Task item
Would you print only the lines running from the one with "Hubbell-Bell MX1250W Weatherproof" to the final line of the data below, word for word and without pictures?

Input data
──────────────────────────────
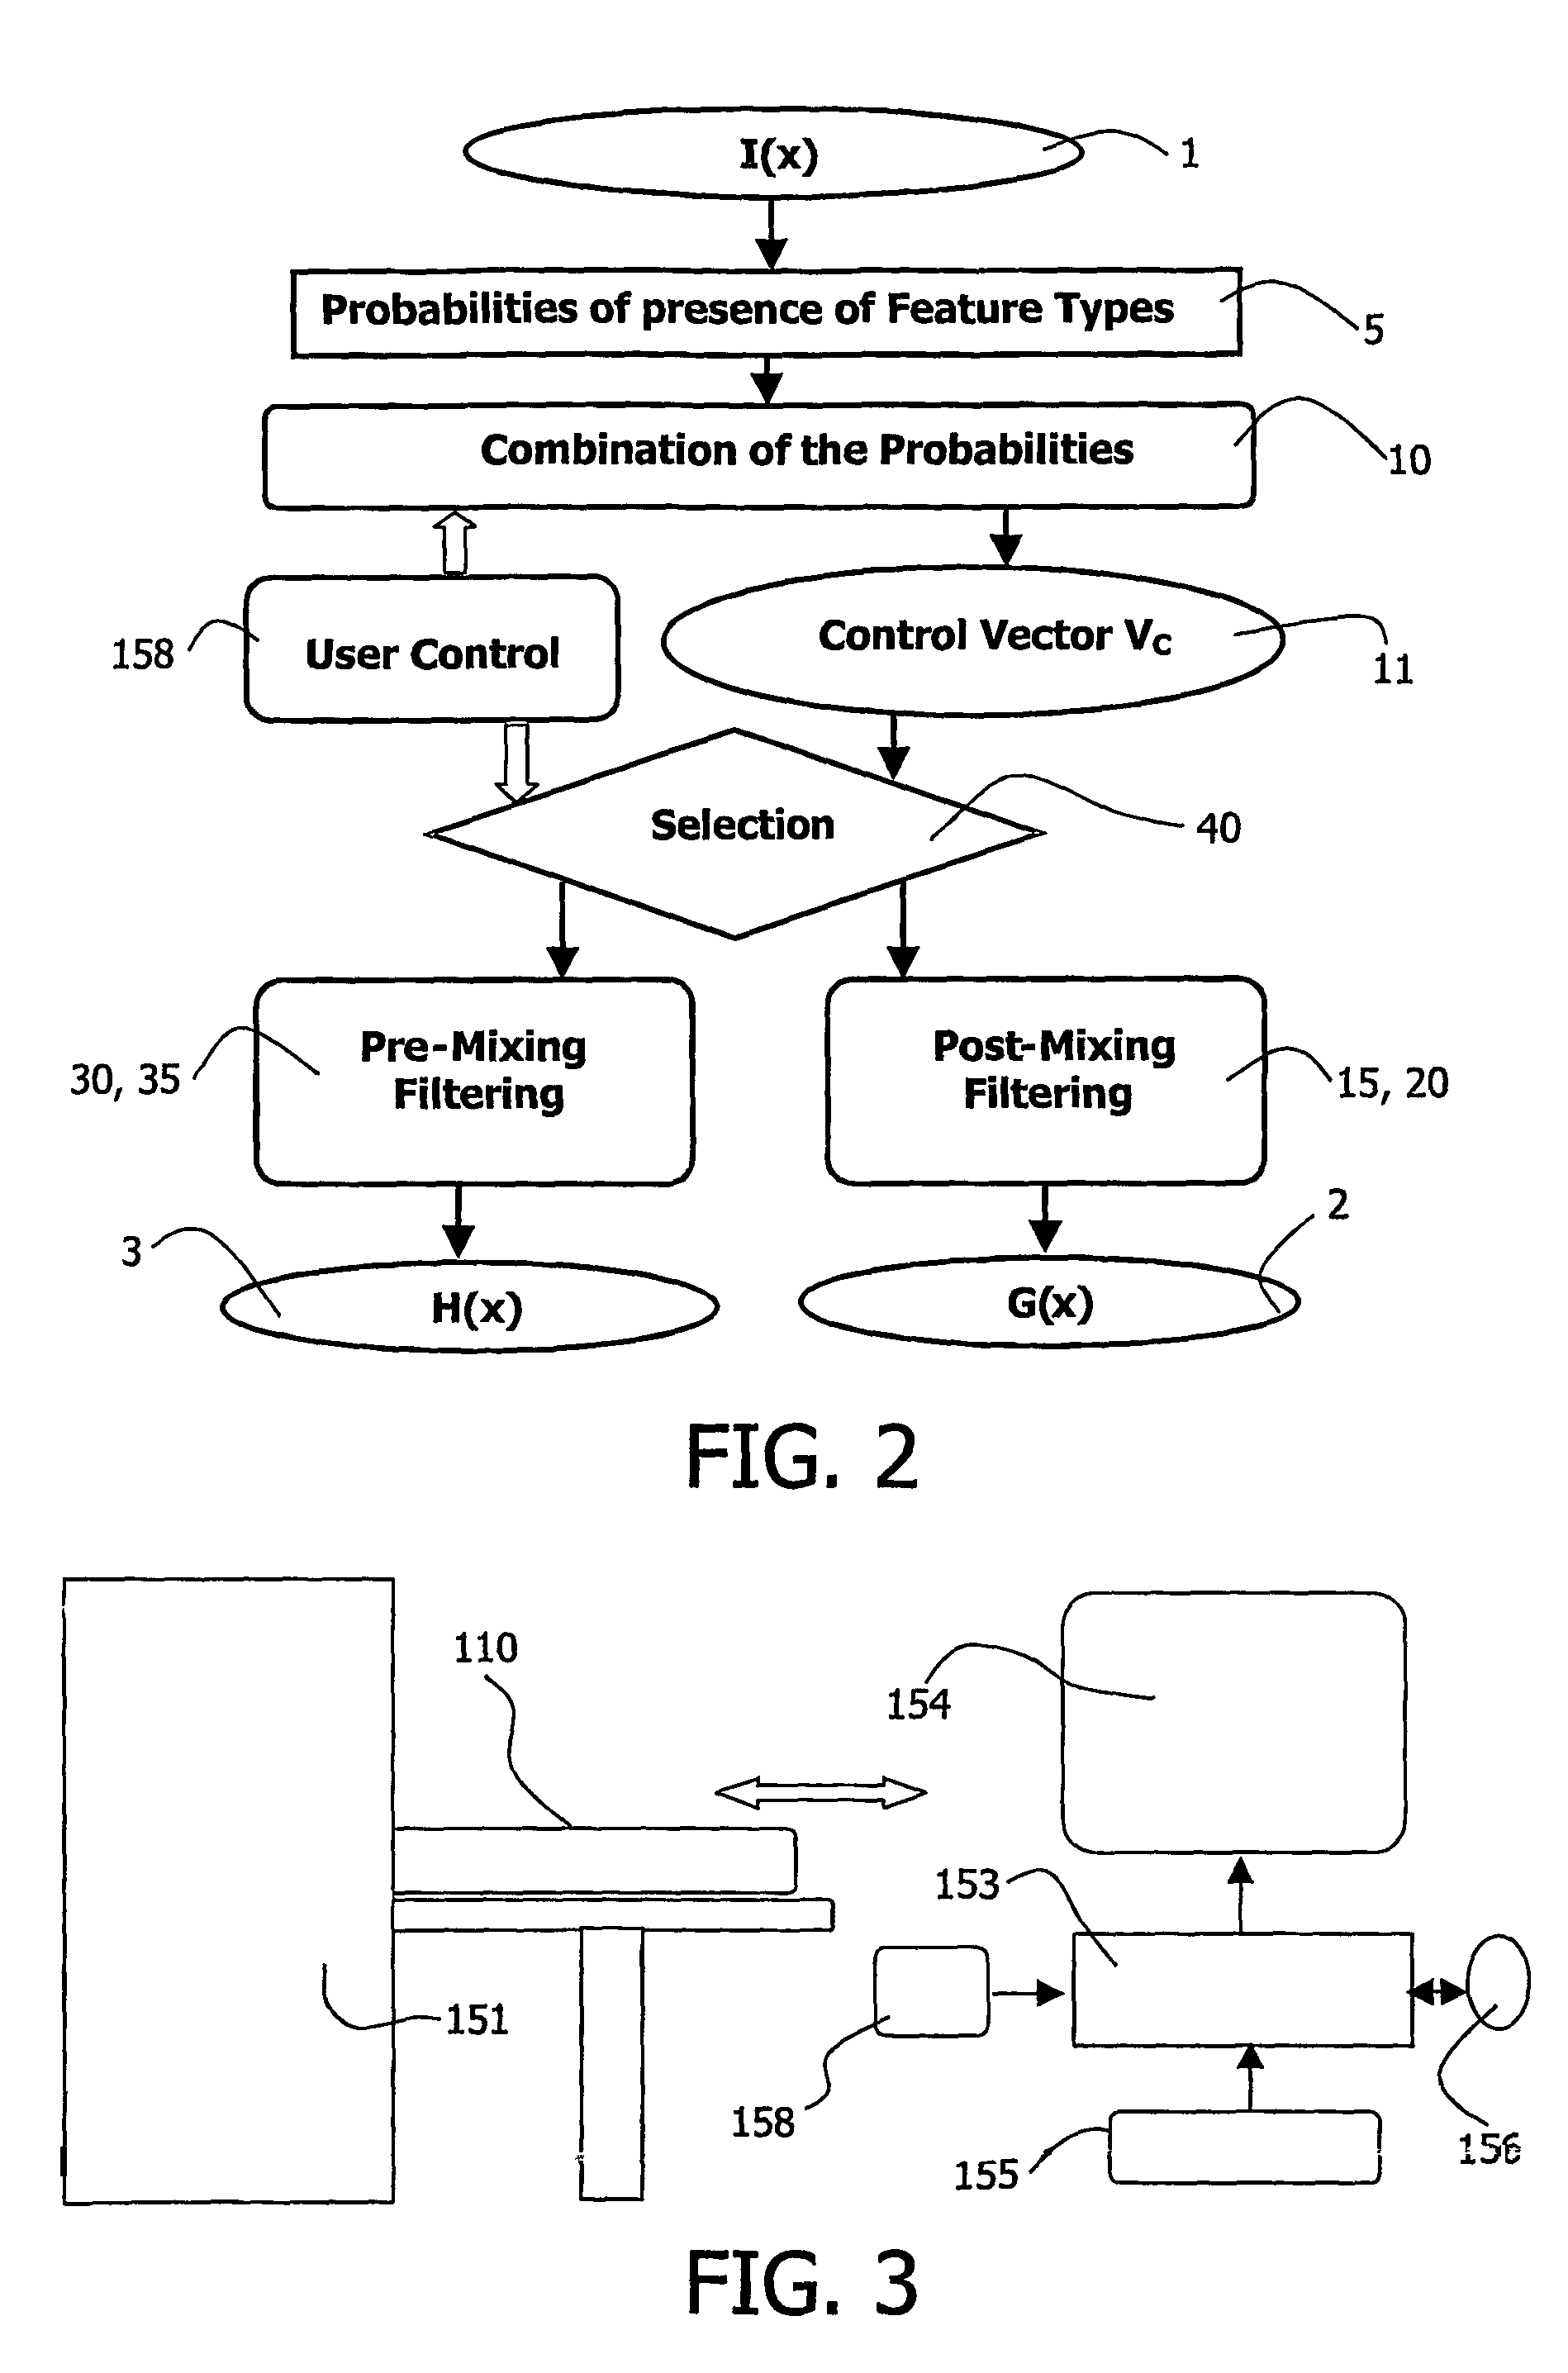 Image viewing system and method for generating filters for filtering image features according to their type
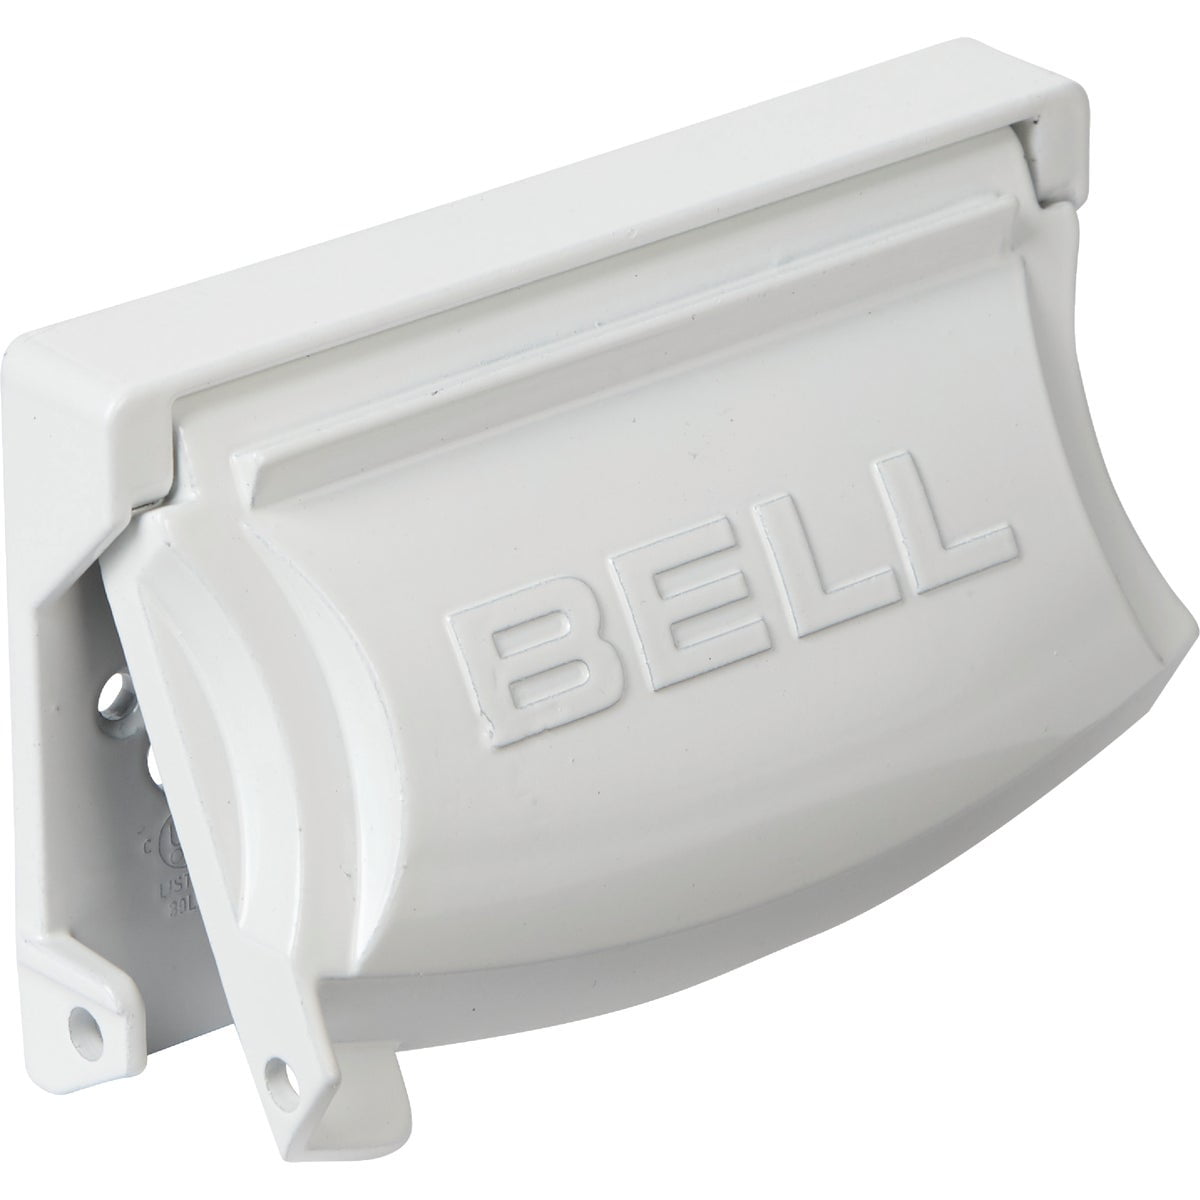 Hubbell-Bell MX1250W Weatherproof Single Outlet Cover Outdoor Receptacle New 
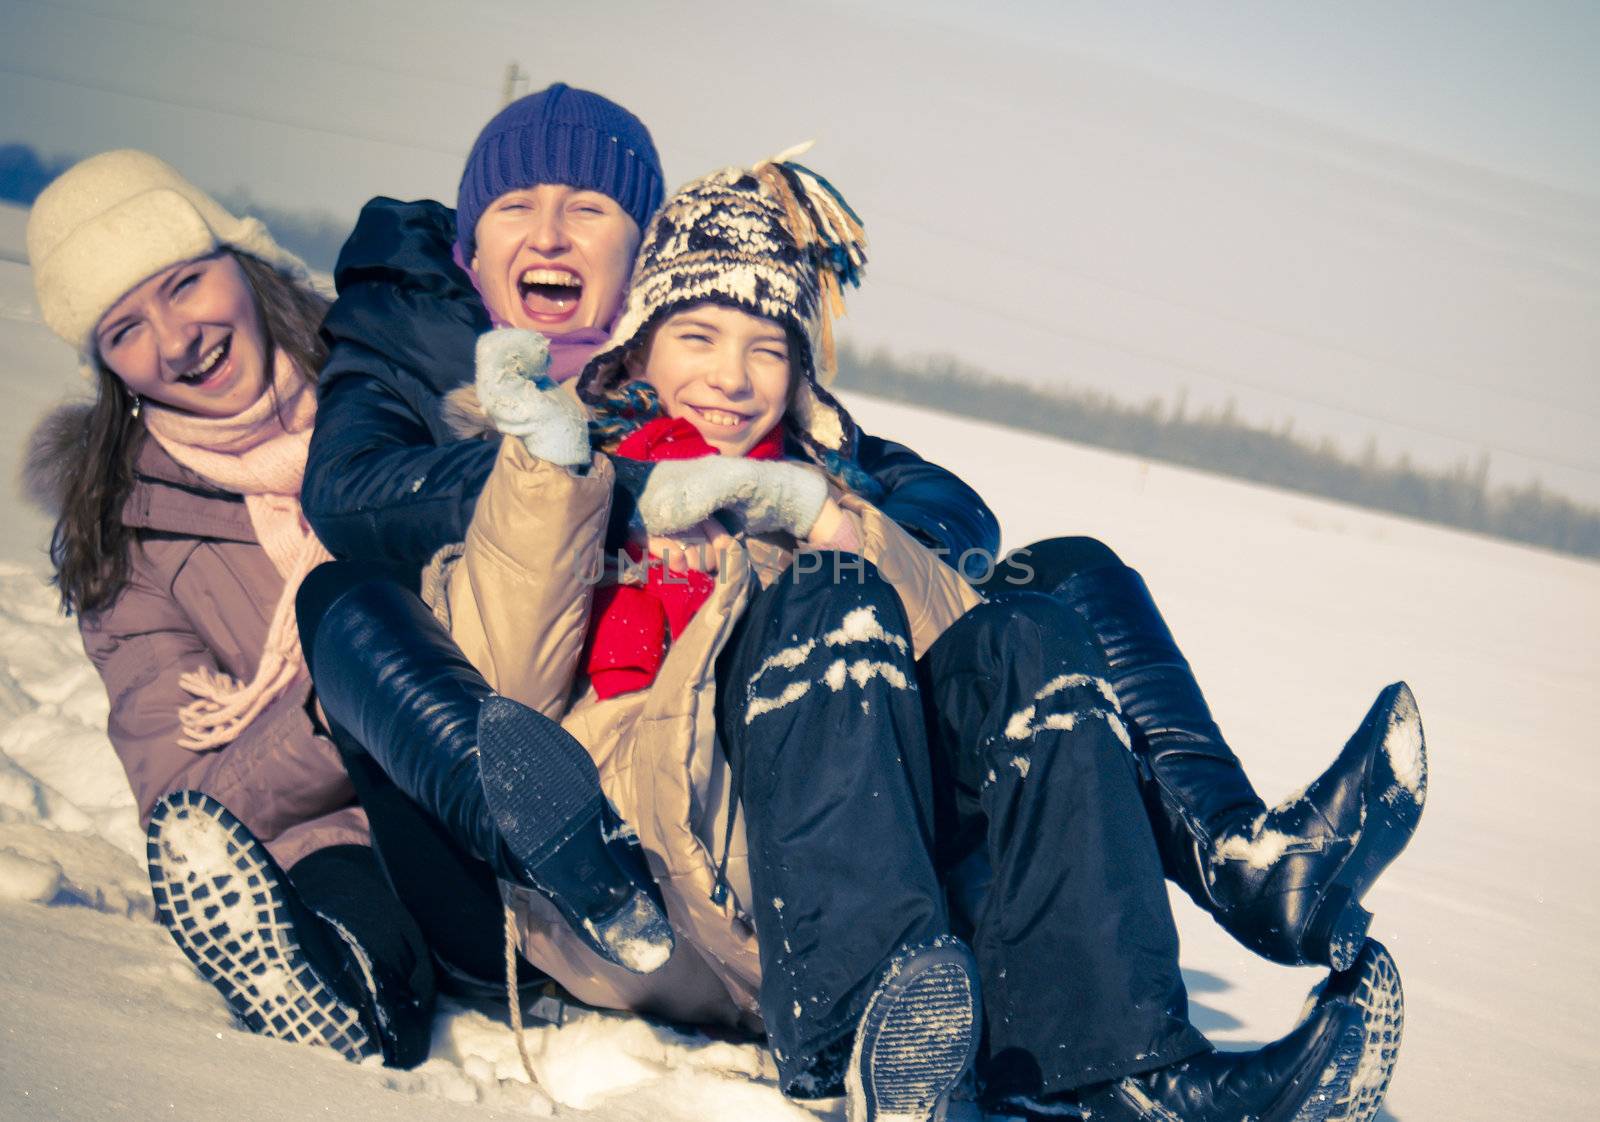 Three happy sisters sledding at winter time by AndreyKr
──────────────────────────────
Output for this task
 Hubbell-Bell MX1250W Weatherproof Single Outlet Cover Outdoor Receptacle New 
 Three happy sisters sledding at winter time by AndreyKr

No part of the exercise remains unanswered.